I have conducted the activity with people of nearly every age group: upper elementary students, middle school students, high school students, college students, teachers, and parents. Only a few learners state that they can’t think of any good learning experience. Many of the learners state that their best learning experiences have taken place outside of school. No one has ever said that their best learning experience came from a terrific lecture, or an interesting textbook, or an engaging worksheet (although I believe each of these can be a useful teaching tool when applied wisely).

Having conducted this activity with so many groups, I am intrigued by the results. I was surprised to find that, regardless of the group involved, there were common elements with other groups’ lists. Since 1992, I informally tracked the results and found that certain characteristics of good learning experiences come up in nearly every list:

  • The work was well connected to other ideas and to the real world
  • The content of the learning experience was personally relevant, interesting, useful, or meaningful to the learner
  • The learner had choices, shared authority, control, and responsibility
  • The learning was hands-on and experiential
  • The learner learned from and taught others
  • The learner had the support of a patient, supportive, and nurturing mentor
  • The learning was individualized and although there were standards for the work, the learner could meet them in his or her own way
  • There was a positive aesthetic component to the experience: it was fun or left the learner feeling good
  • The experience helped the learner understand him or herself
  • The learner had success and accomplishment with challenging work

Now, these are my words synthesizing the lists I have collected over the two decades I’ve been doing this activity.
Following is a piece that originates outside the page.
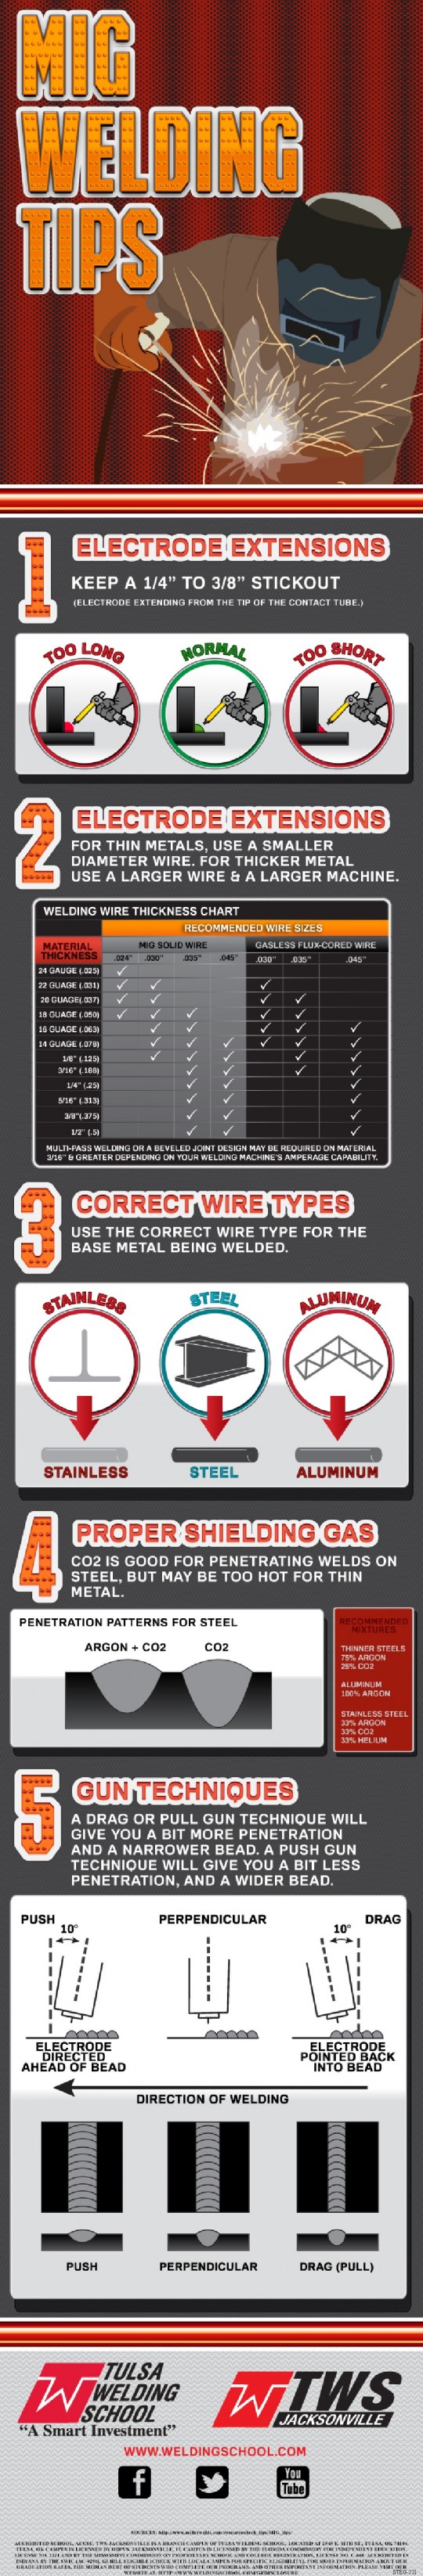 [Infographic] MIG Welding tips for Beginners ILMO Products Company
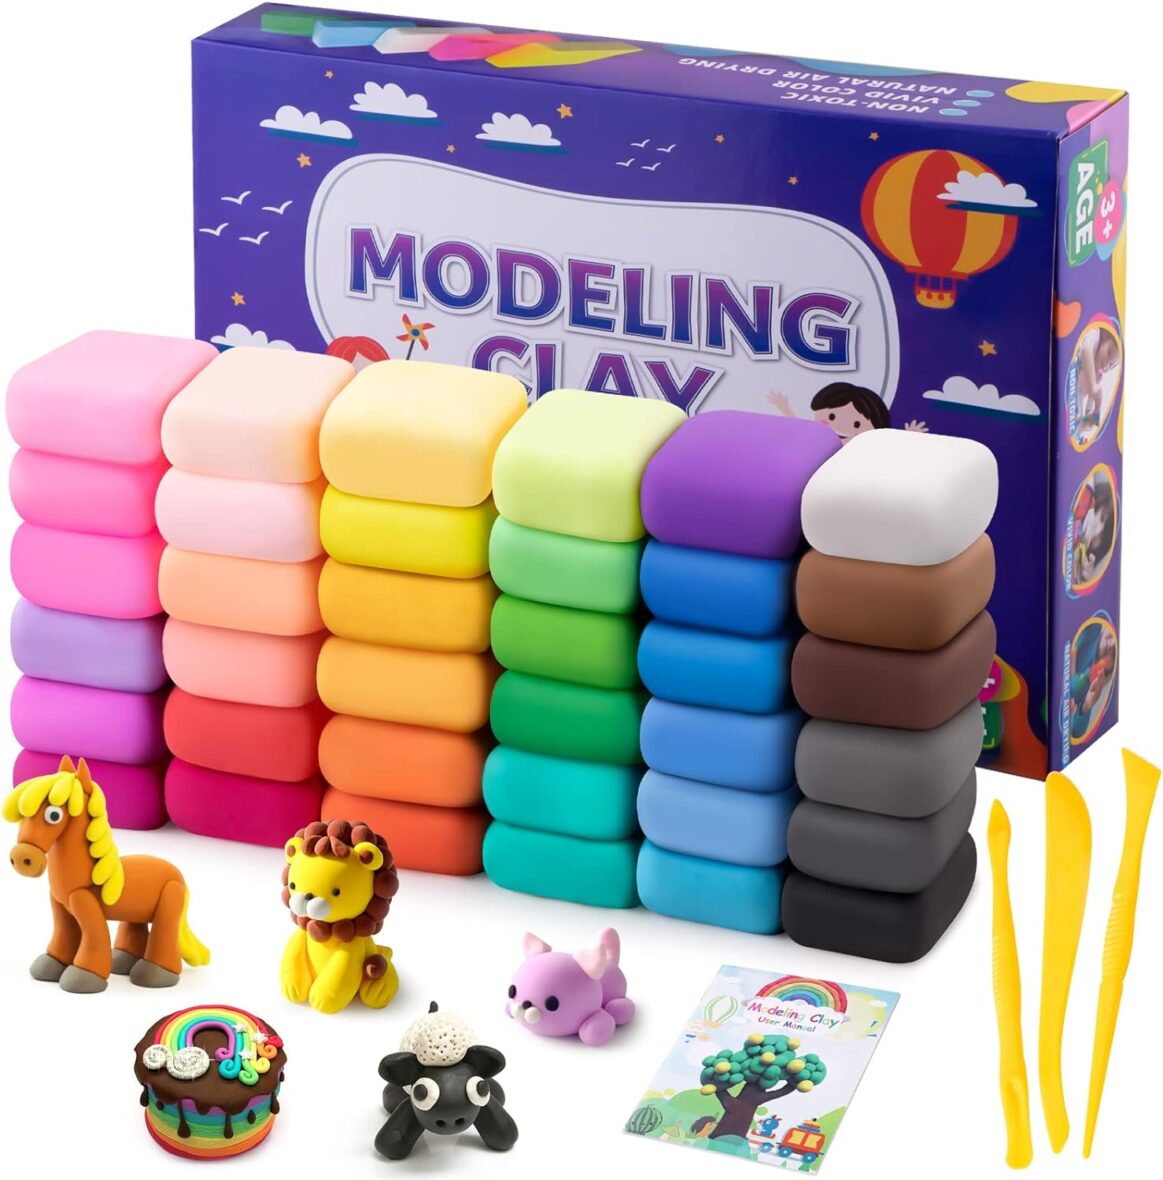 Air Dry Clay, 36 Colors Modeling Clay Kit with 3 Sculpting Tools, Magic Foam Clay for Kids and Adults, DIY Molding Clay Gift for Boys and Girls

Certainly elementary students aren’t going to use these word exactly. But doesn’t this list reflect what made your own good learning experience good?

Much can be learned by investigating how students believe they learn well. What better source for finding out what motivates students to learn than themselves?

But with knowledge comes responsibility. If you know what makes for good learning experiences, don’t you now have an obligation to insure that you model these in our own teaching? – Or at least start learning how to do these in the classroom?

 

(Note: I have been with educators who have used the prompt “think of a good experience” or “think of a good school experience”, and it never gets to the right information about when people learn well. If you are considering doing this activity with your own students or teachers or parents, I highly recommend that you stick with the prompt “think of a good learning experience.”)

 

Thinking of Instruction as Two Types

When our pilot teachers were visiting a school that is a little further along than we are at implementing Customized Learning, a colleague and I got talking about how we (us and our colleagues) had a lot of work to do on instruction if we were going to be successful with our implementation.

Then it hit us that a lot of teachers would say they already do a pretty good job with instruction and would object to being told that we had a lot of work to do on it.

And then I realized that both perspectives were right. We just weren’t talking about the same kind of instruction in each instance.

There are two kinds of instruction.

There is Instruction for Lower Order Thinking and Instruction for Higher Order Thinking.

So, it doesn’t matter if you use Bloom’s Taxonomy, New Bloom’s, Marzano’s Taxonomy, or Webb’s Depth of Knowledge, Instruction for Lower Level Thinking is focused on recall and simple application, and Instruction for Higher Order Thinking is focused on nontrivial application, complex reasoning, and creating.

Our teachers are really pretty good at Instruction for Lower Order Thinking. But we have a lot of work to do on Instruction for Higher Order Thinking.

The distinction, thinking of instruction as two types, doesn’t just help clarify our thinking.

This distinction would actually help us in a couple different ways.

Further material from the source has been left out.